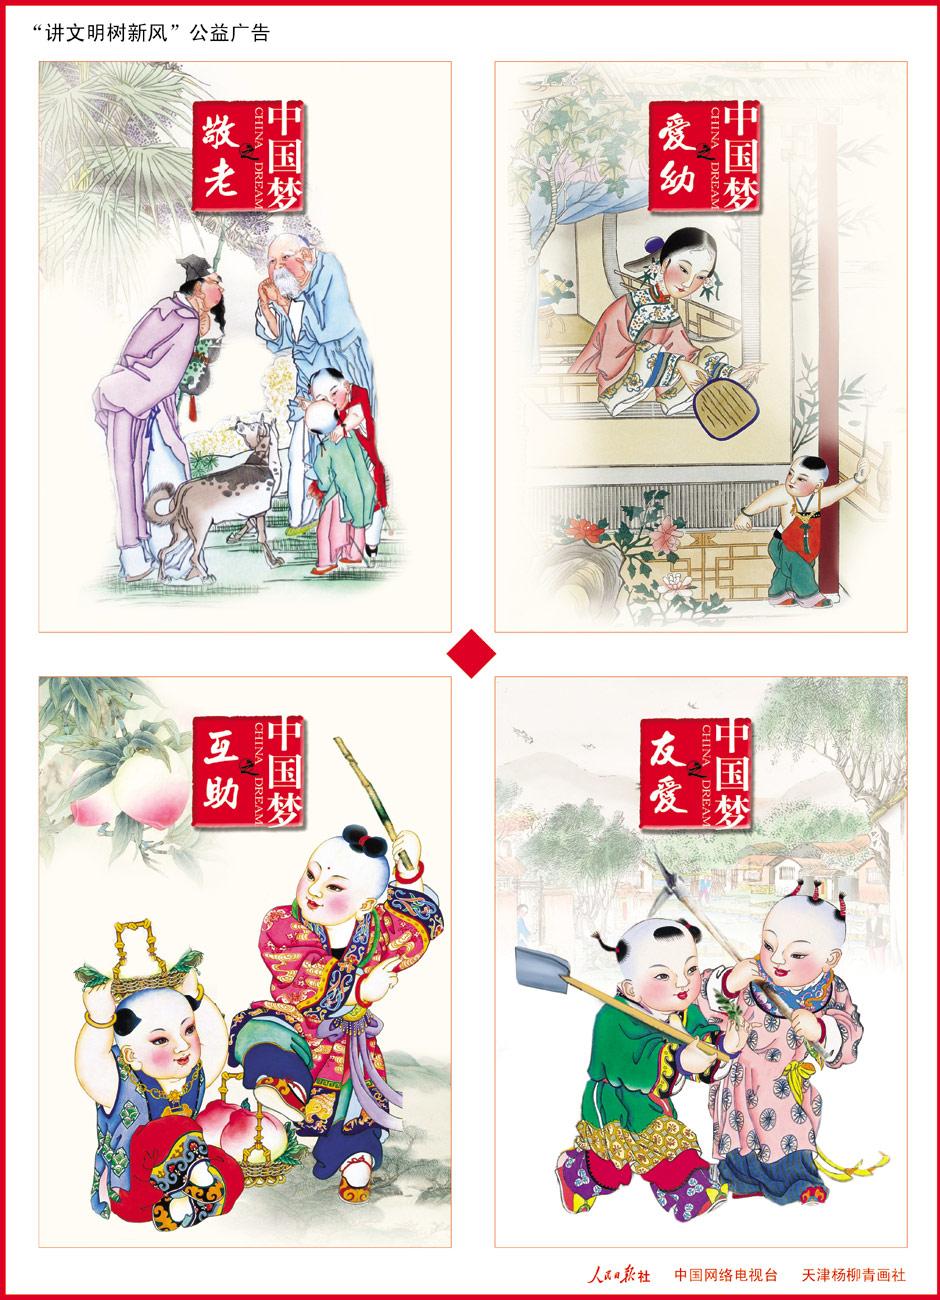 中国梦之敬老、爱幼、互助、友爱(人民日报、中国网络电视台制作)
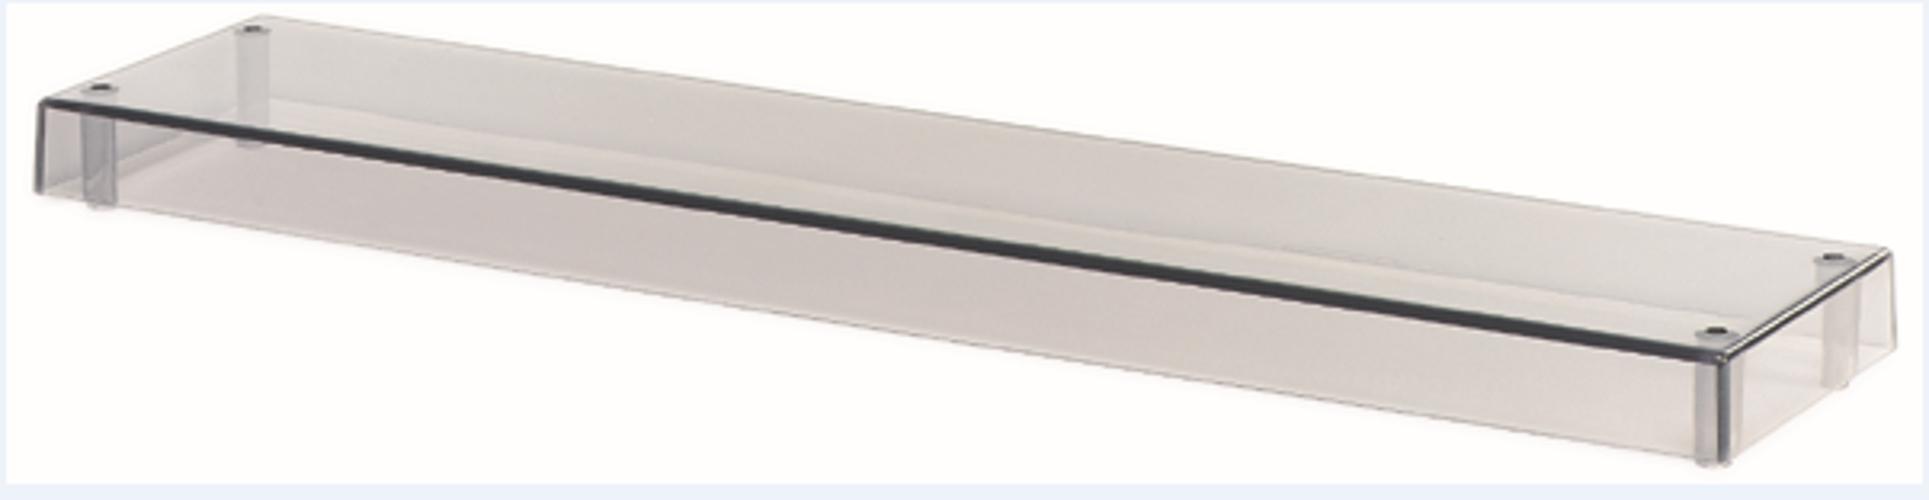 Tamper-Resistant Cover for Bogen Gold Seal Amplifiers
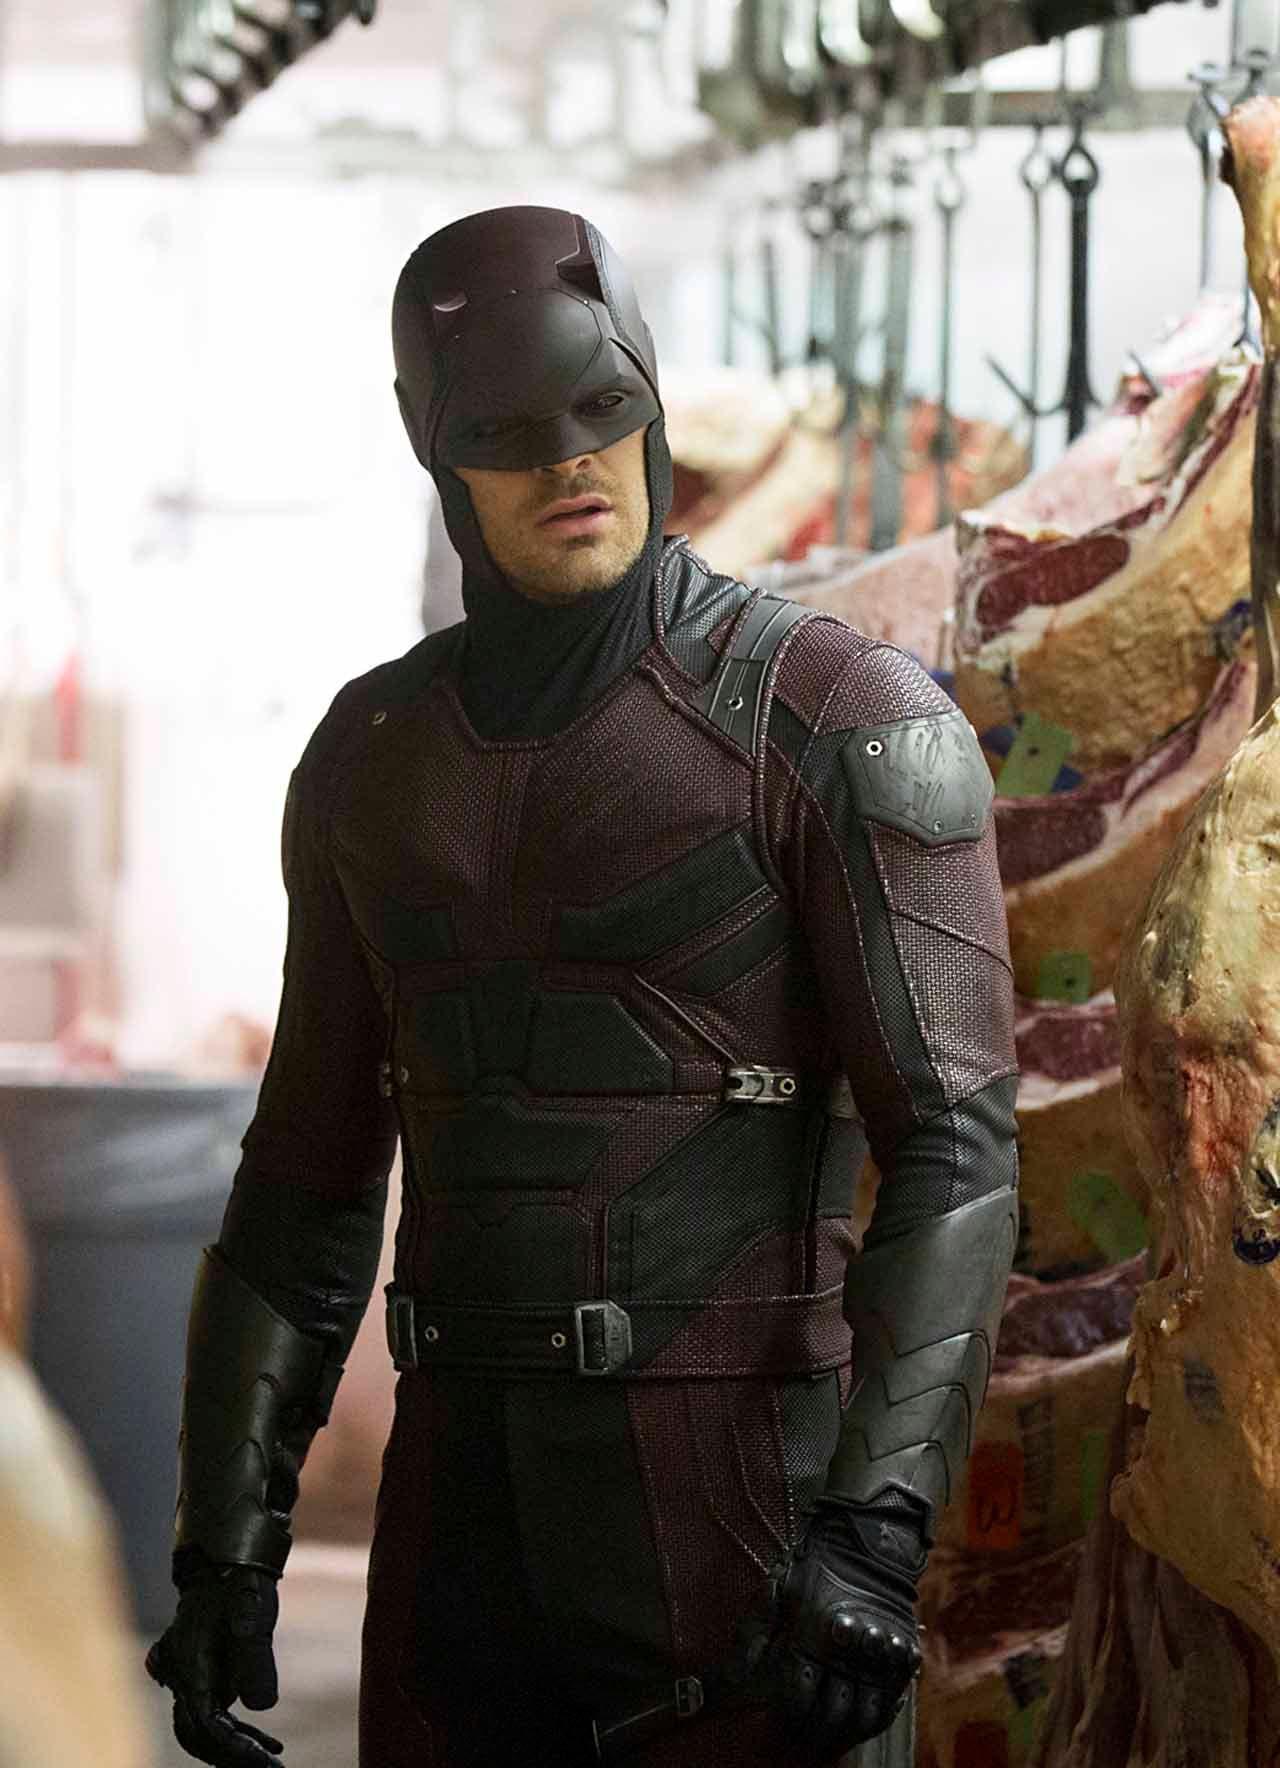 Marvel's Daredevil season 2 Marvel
※
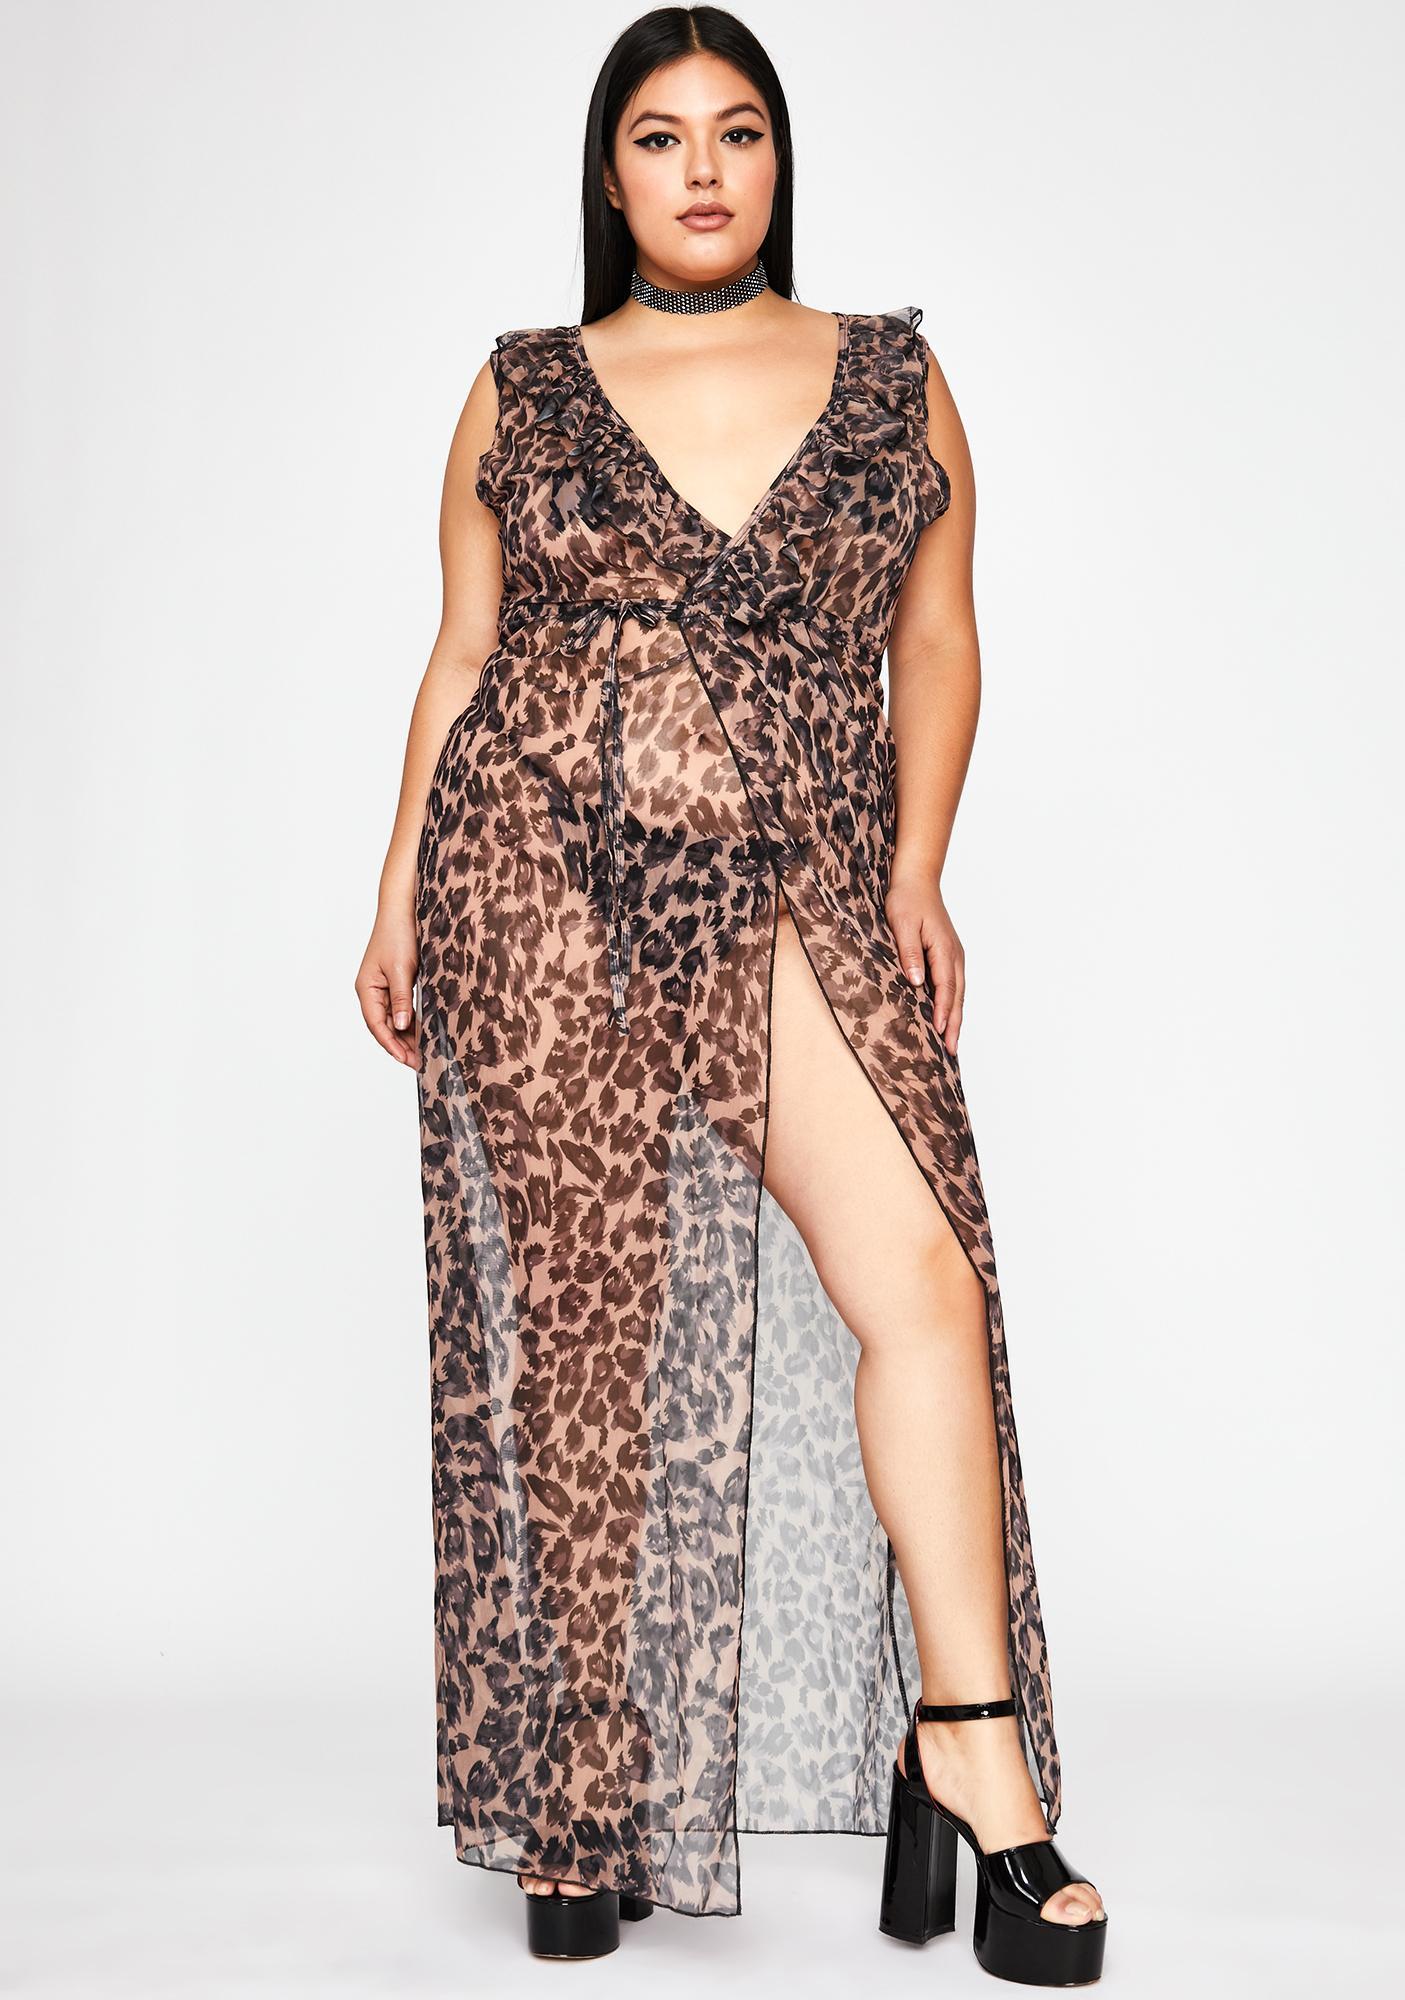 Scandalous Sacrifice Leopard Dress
※
__What needs to be done__. Whatever pictures the records hold, omit them; give again exactly the lines from the one containing "中国梦之敬老、爱幼、互助、友爱(人民日报、中国网络电视台制作)" through the one containing "Marvel's Daredevil season 2 Marvel".

__Answer section__.
 中国梦之敬老、爱幼、互助、友爱(人民日报、中国网络电视台制作)
 Tamper-Resistant Cover for Bogen Gold Seal Amplifiers
 Marvel's Daredevil season 2 Marvel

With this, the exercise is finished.